Александр Карпенко - Грань креста
— И тебя?
— И меня… Слушай дальше. Многие старожилы с подстанций до сих пор работают. Нилыч, например, с шестой. Выселки как раз входили в их зону обслуживания, я не путаю, Нилыч?
— Не путаешь, Люся. Там, верстах в десяти, до сих пор брошенное здание стоит. Машины пустые на площадке ржавеют… Проезжал я там пару раз, все бурьяном зарастает.
— А дальше?
— Дальше вот что. Когда оставшийся персонал начали на Центр эвакуировать, одну подстанцию потеряли. Тринадцатая находилась в лесном секторе, а в Лес, как ты знаешь, не особенно-то сунешься. На запросы с Центра они сперва отвечали, что эвакуироваться не намерены, потом и вовсе отвечать перестали. Попытались организовать поиск с вертолетов — у нас есть два. Искали-искали, ничего не нашли. Подстанция как сквозь землю провалилась. Дорога туда хорошая была, безо всяких вертолетов легко доехать можно было, так сгинула дорога, словно и не прокладывали ее.
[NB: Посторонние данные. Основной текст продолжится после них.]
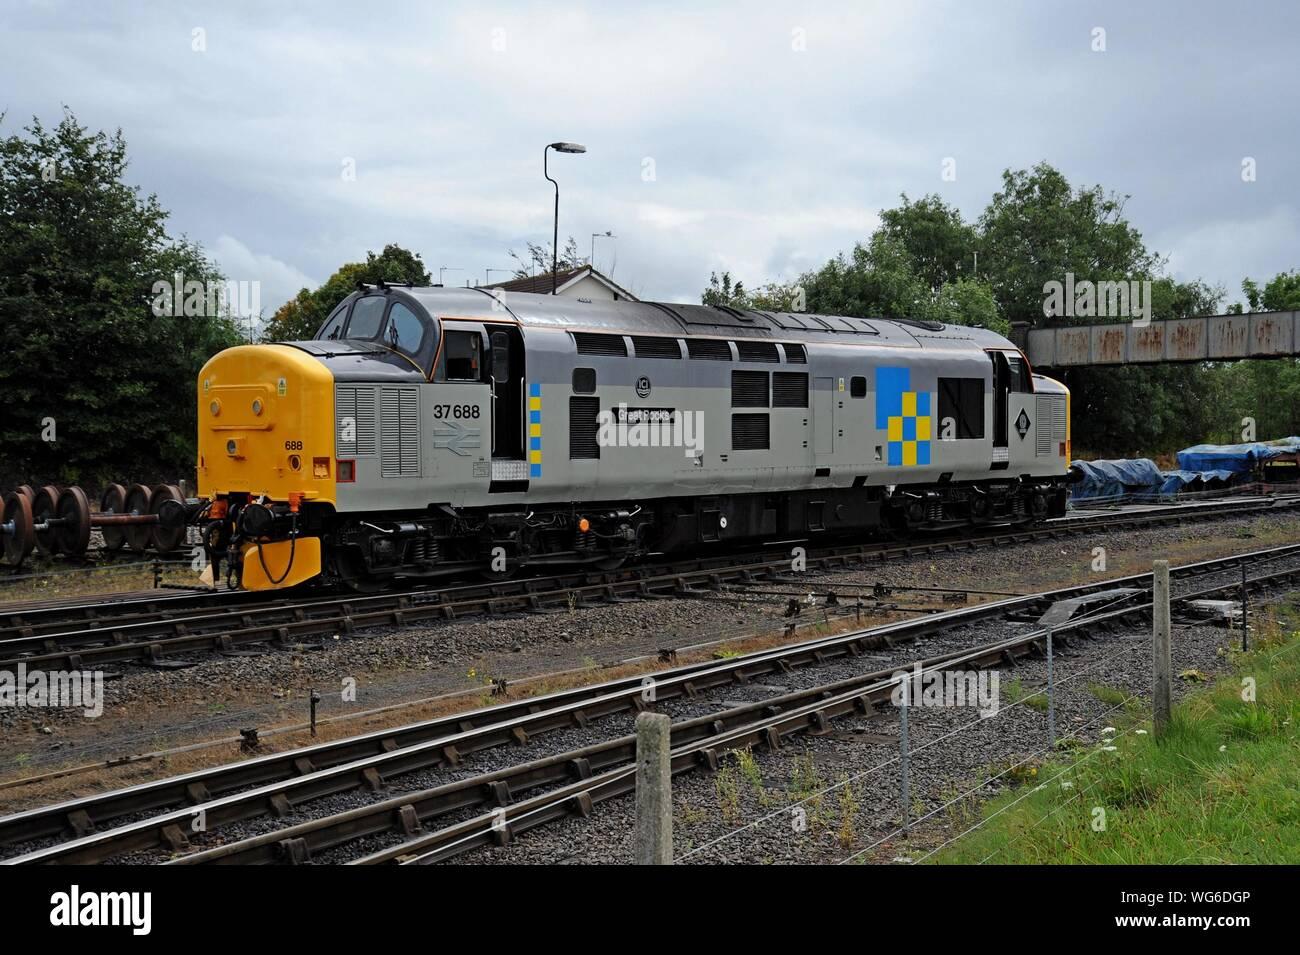 Class 37 English Electric diesel locomotive 37688 'Great Rocks' at Kidderminster station, Severn Valley Railway Stock Photo

Начальство посуетилось-посуетилось, крыльями похлопало-похлопало да и отступилось. Решили, что без снабжения и финансирования сами вымрут. А они живы до сих пор и работают.
— Что ж страху вокруг них столько? Работают себе, ну и на здоровье. Нам вызовов меньше.
— Ну, то, что я тебе до сих пор рассказывала, более-менее достоверно. Если и соврала, то немного. Кто пришел с филиалов, об этом периоде нет-нет да обмолвится. А вот дальше сплошные легенды начинаются.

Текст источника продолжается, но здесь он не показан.